**WHAT IS REQUIRED:** Return exactly those lines of the material below that fall between the line holding "Så sent som" and the line holding "Tweed fabrics", inclusive.

**DATA RECORDS:**

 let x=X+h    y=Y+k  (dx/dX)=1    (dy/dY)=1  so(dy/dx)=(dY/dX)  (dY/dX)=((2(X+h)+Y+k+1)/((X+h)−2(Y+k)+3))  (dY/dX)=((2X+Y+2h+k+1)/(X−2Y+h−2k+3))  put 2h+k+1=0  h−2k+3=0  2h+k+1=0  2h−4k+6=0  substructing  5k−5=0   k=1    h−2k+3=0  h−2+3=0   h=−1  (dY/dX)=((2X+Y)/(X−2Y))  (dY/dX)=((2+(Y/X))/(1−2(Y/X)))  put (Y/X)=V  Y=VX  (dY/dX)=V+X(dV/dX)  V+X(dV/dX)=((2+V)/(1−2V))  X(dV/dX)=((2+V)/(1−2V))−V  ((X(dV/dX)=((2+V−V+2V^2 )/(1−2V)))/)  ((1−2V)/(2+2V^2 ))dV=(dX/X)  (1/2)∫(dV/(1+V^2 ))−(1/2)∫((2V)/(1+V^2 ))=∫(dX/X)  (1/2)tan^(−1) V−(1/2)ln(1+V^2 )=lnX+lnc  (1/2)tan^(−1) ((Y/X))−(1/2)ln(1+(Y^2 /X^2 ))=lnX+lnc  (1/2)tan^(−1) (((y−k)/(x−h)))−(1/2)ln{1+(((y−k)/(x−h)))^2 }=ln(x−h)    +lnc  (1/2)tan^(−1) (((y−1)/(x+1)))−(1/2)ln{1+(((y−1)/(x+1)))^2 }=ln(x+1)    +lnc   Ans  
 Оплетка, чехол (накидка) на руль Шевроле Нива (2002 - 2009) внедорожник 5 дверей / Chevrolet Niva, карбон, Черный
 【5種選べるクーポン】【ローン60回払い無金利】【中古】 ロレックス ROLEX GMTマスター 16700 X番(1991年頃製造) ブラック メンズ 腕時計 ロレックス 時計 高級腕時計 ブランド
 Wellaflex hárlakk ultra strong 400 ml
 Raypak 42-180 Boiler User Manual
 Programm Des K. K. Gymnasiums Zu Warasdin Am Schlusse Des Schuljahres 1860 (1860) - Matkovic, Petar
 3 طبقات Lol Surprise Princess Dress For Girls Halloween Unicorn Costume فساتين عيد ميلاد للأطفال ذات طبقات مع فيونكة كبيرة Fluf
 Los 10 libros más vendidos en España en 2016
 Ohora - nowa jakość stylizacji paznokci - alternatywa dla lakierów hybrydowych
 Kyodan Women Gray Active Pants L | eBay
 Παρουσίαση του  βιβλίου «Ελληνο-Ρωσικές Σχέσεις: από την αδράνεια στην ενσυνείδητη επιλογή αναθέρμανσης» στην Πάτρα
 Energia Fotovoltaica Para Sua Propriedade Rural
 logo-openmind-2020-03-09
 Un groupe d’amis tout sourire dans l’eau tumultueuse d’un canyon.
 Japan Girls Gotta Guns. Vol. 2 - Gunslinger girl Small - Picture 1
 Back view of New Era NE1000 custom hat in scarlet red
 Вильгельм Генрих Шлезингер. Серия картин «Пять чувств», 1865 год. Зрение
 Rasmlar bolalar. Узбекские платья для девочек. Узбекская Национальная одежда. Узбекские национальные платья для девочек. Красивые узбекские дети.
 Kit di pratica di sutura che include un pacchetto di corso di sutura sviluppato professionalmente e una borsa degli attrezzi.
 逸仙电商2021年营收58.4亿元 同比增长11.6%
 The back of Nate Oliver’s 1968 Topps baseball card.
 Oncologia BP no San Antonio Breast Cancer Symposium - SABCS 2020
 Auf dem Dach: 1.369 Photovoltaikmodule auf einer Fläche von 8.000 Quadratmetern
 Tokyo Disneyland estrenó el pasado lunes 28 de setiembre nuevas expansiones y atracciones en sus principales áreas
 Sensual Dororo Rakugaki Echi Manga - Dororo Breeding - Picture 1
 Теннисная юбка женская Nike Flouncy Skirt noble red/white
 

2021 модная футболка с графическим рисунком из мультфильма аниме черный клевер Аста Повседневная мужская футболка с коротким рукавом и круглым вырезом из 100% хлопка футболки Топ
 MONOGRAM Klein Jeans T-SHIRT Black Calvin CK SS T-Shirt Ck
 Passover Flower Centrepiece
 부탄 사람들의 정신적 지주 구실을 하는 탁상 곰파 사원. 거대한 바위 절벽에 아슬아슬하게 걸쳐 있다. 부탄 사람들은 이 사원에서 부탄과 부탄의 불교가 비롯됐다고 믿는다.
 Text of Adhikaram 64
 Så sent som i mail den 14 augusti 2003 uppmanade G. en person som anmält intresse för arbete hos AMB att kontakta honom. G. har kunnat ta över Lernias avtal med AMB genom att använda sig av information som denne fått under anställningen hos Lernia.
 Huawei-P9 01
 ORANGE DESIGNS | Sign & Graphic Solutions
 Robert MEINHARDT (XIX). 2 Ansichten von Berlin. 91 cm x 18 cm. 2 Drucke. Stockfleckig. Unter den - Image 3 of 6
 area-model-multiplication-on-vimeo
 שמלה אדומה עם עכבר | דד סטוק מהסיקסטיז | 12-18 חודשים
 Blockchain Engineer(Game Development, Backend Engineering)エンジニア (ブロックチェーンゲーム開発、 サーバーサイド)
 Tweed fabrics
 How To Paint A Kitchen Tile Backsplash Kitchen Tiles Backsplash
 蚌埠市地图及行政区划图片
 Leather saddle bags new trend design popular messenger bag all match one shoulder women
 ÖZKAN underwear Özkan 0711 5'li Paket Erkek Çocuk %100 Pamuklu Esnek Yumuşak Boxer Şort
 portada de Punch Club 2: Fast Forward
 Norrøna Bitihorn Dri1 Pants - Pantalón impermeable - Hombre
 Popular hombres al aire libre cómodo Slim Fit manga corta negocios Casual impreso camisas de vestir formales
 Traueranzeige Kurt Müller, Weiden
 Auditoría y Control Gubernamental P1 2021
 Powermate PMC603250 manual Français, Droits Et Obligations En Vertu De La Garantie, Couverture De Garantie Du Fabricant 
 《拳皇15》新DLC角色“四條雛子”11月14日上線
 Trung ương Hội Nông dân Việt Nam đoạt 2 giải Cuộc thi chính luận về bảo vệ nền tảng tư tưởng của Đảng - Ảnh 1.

**EXERCISE RESULT:**
 Så sent som i mail den 14 augusti 2003 uppmanade G. en person som anmält intresse för arbete hos AMB att kontakta honom. G. har kunnat ta över Lernias avtal med AMB genom att använda sig av information som denne fått under anställningen hos Lernia.
 Huawei-P9 01
 ORANGE DESIGNS | Sign & Graphic Solutions
 Robert MEINHARDT (XIX). 2 Ansichten von Berlin. 91 cm x 18 cm. 2 Drucke. Stockfleckig. Unter den - Image 3 of 6
 area-model-multiplication-on-vimeo
 שמלה אדומה עם עכבר | דד סטוק מהסיקסטיז | 12-18 חודשים
 Blockchain Engineer(Game Development, Backend Engineering)エンジニア (ブロックチェーンゲーム開発、 サーバーサイド)
 Tweed fabrics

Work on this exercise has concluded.